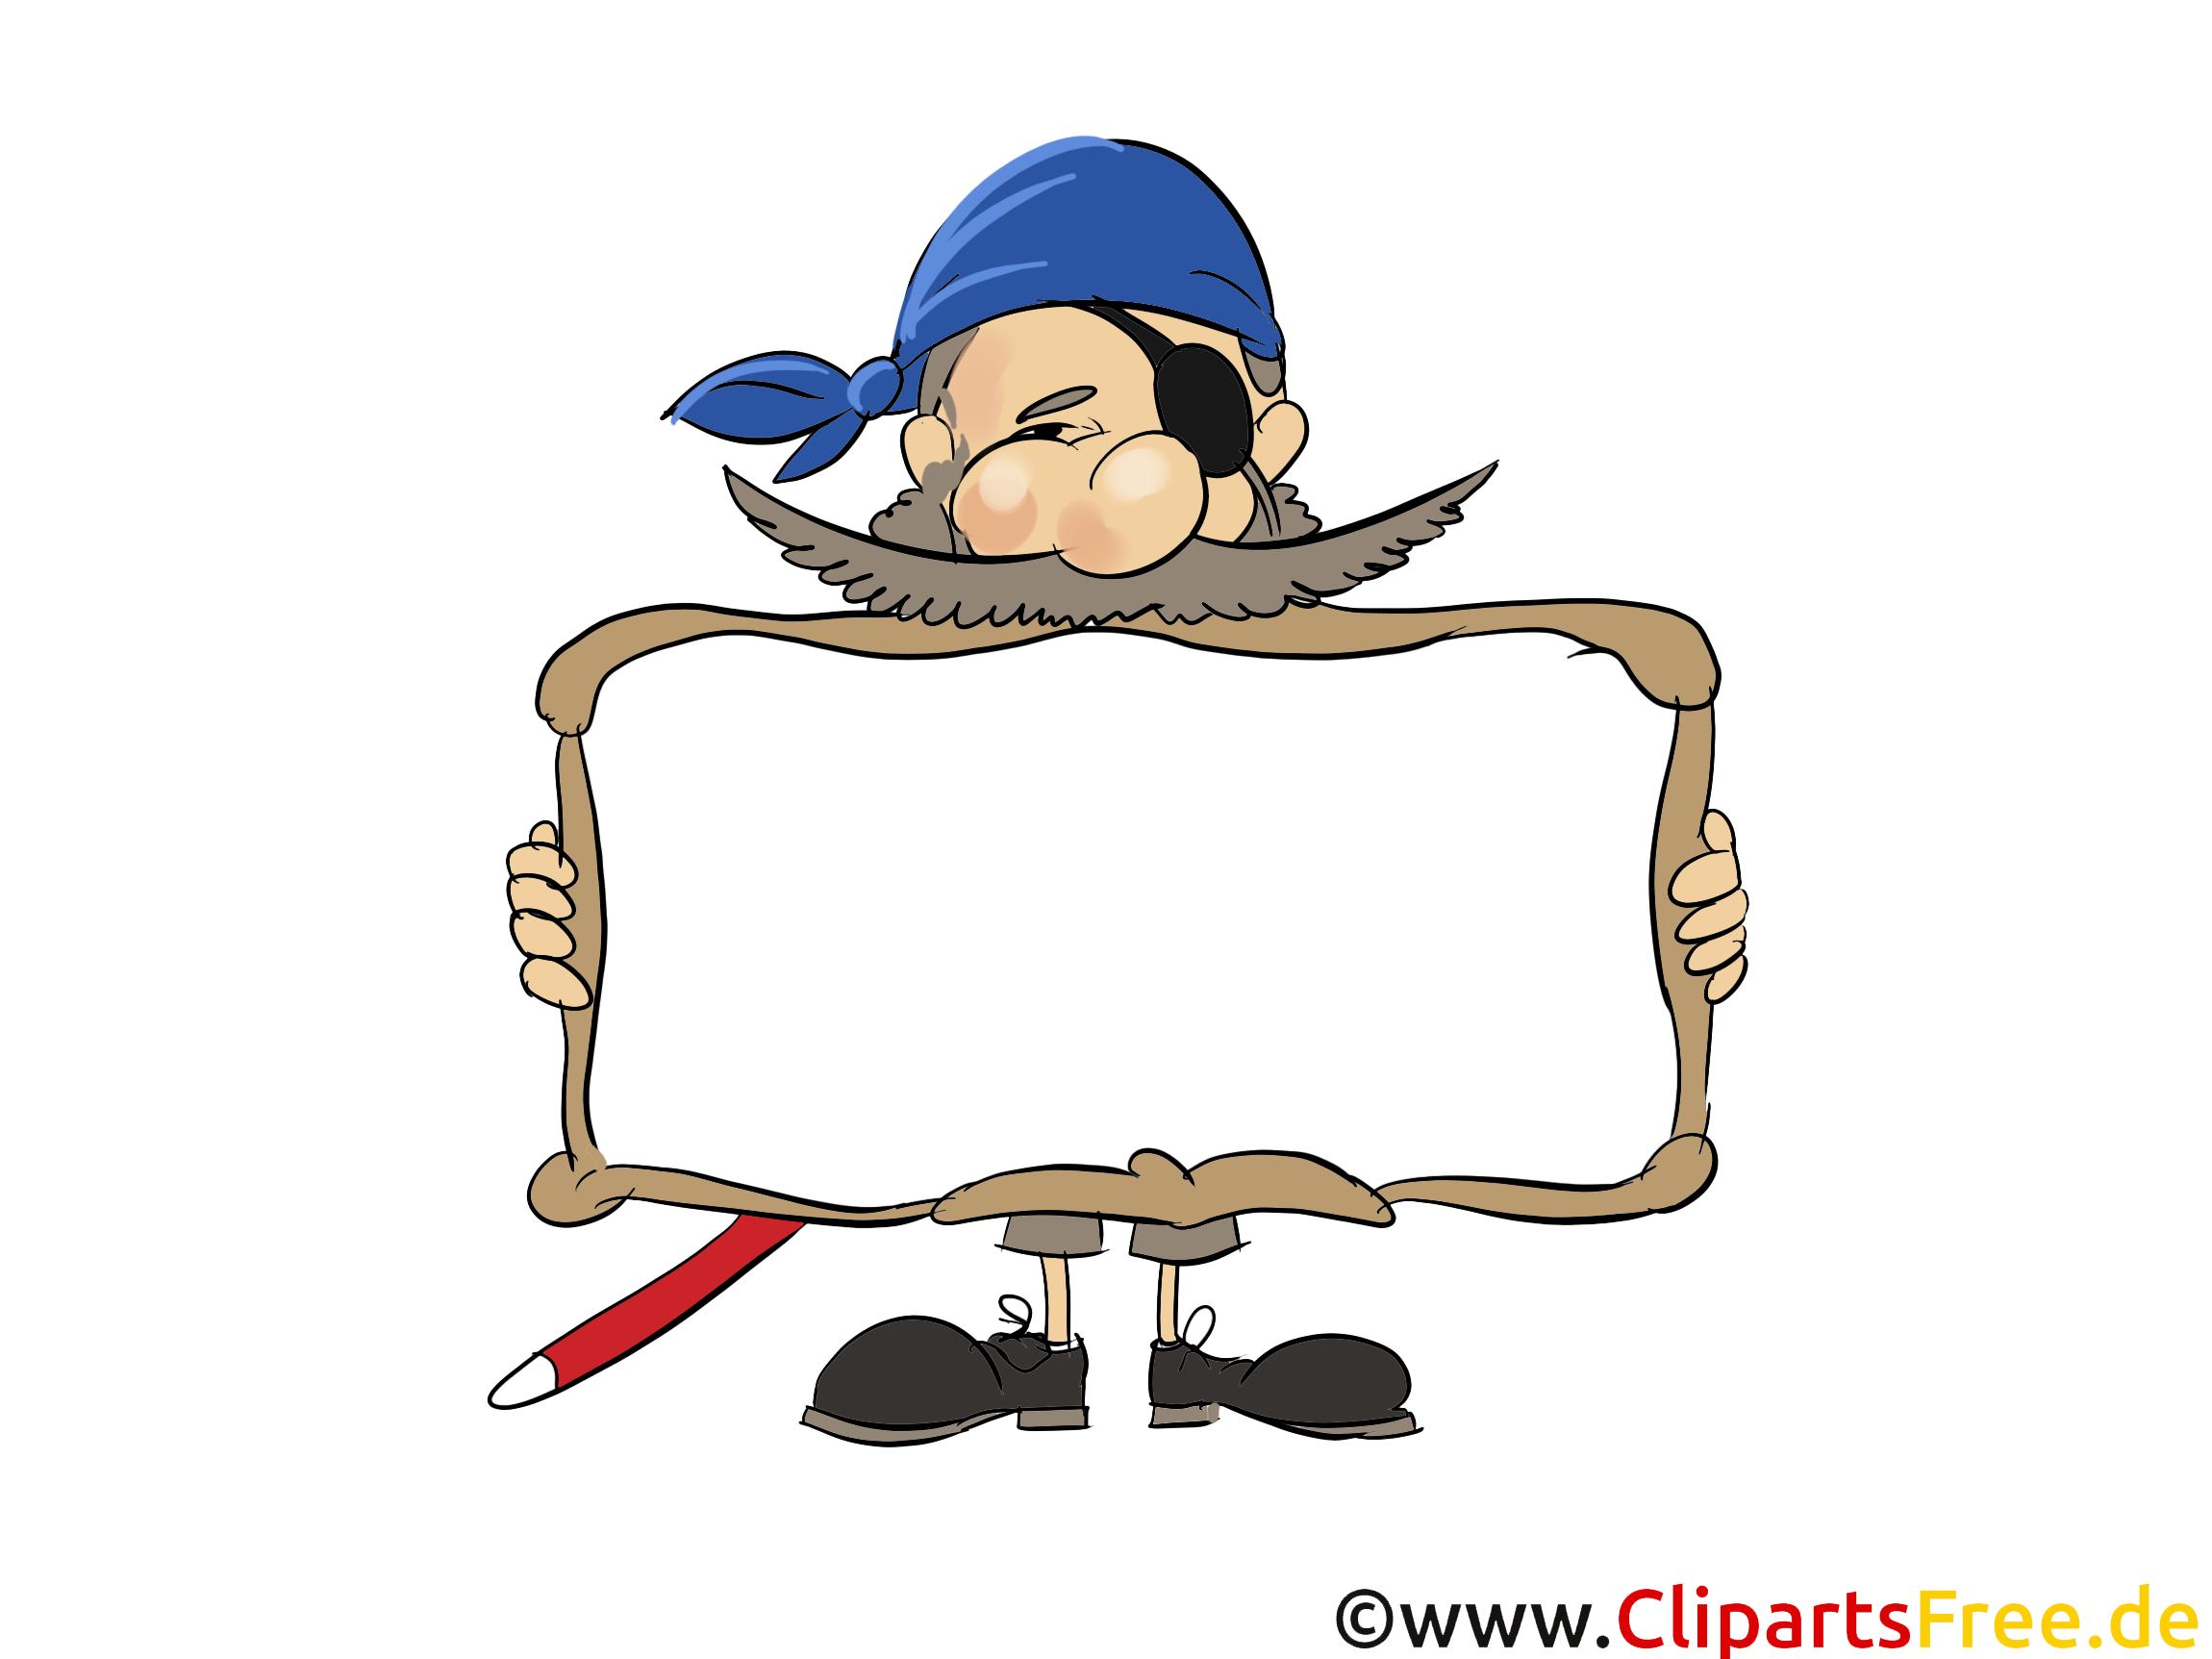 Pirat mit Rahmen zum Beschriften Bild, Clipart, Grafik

== == ==

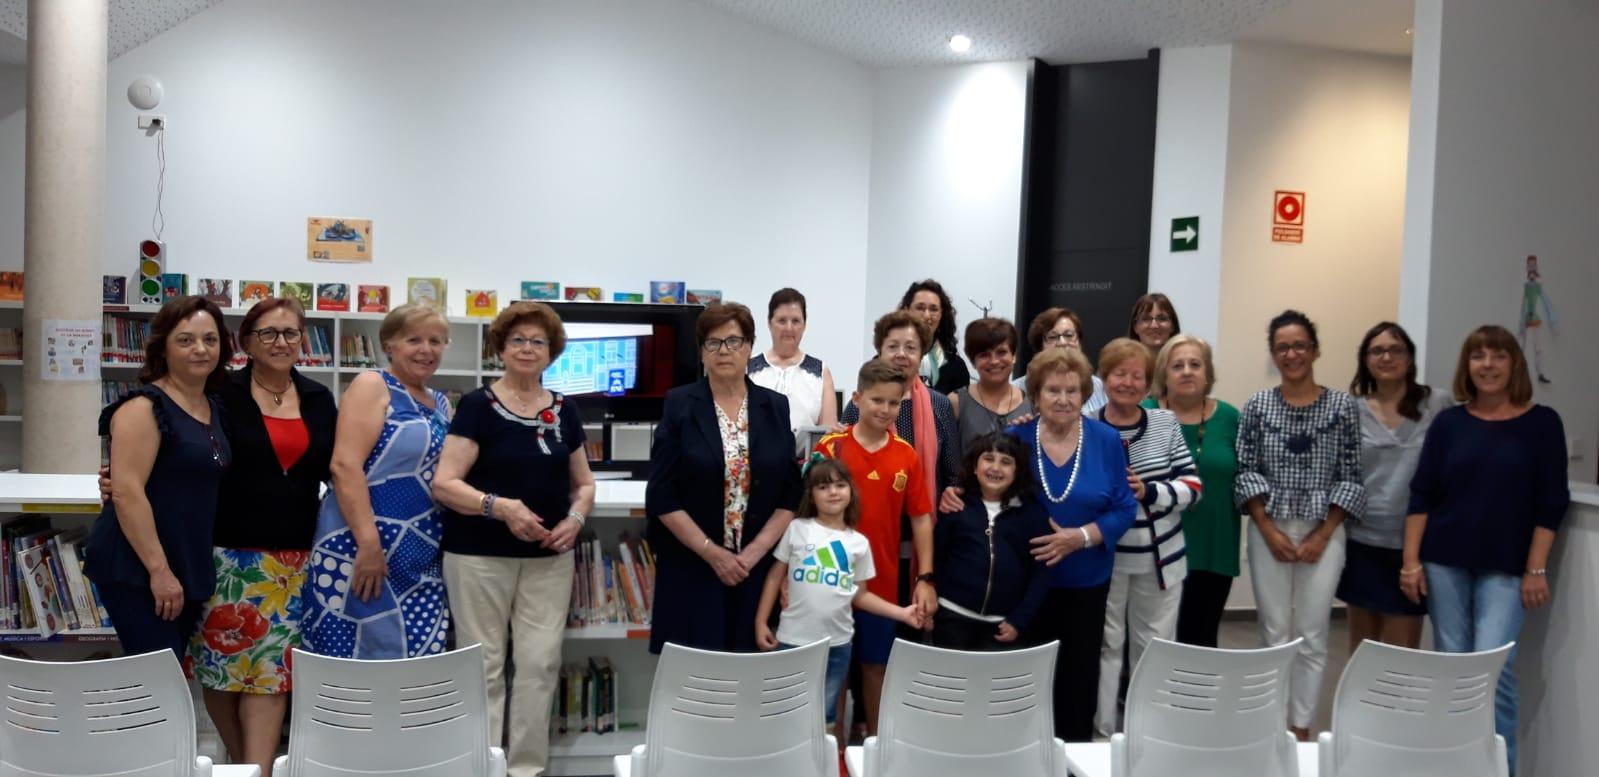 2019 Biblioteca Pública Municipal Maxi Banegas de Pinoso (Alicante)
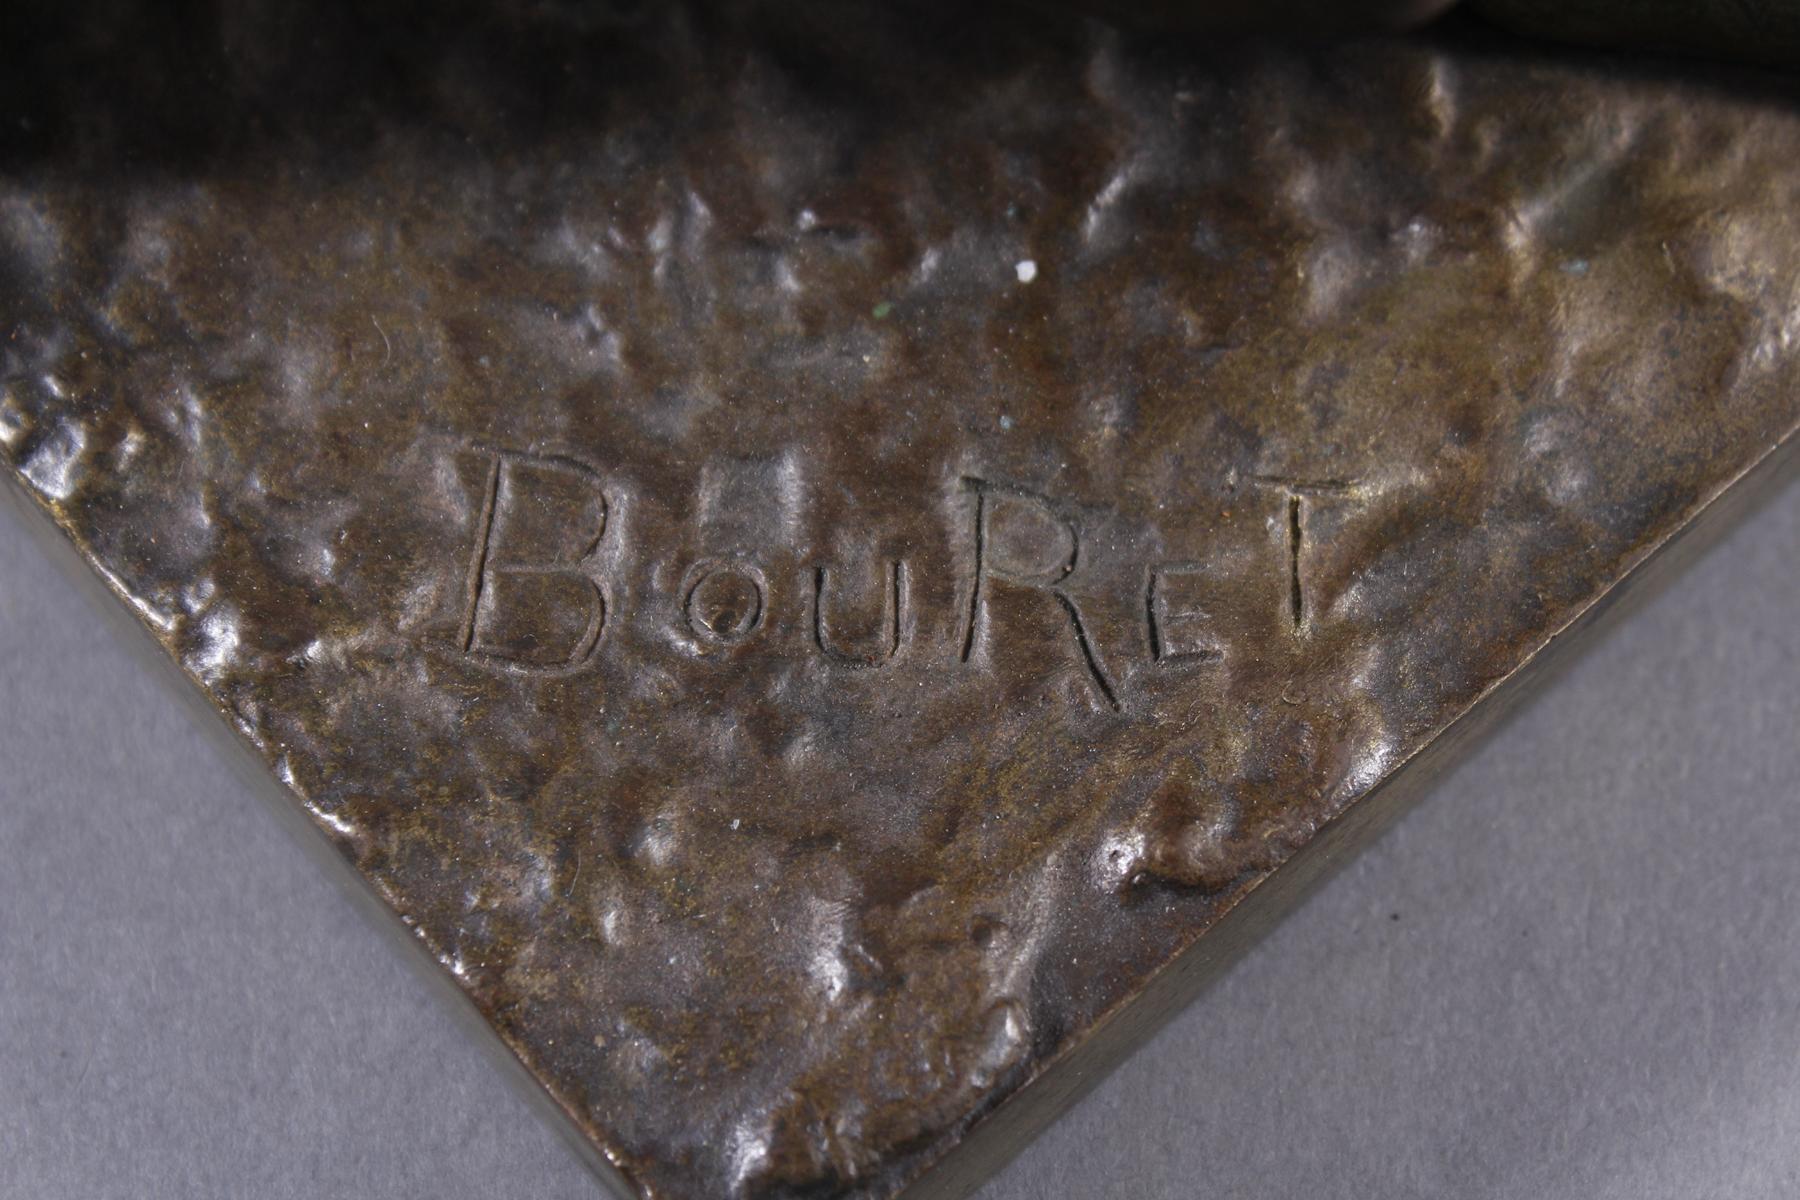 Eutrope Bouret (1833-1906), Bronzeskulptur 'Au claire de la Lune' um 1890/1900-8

== == ==

> _Directions_
The answer must be the lines above from the one containing "2019 Biblioteca Pública" through the one containing "Eutrope Bouret (1833-1906), Bronzeskulptur", reproduced exactly, with no pictures and nothing else.

> _Expected answer_
 2019 Biblioteca Pública Municipal Maxi Banegas de Pinoso (Alicante)
 Eutrope Bouret (1833-1906), Bronzeskulptur 'Au claire de la Lune' um 1890/1900-8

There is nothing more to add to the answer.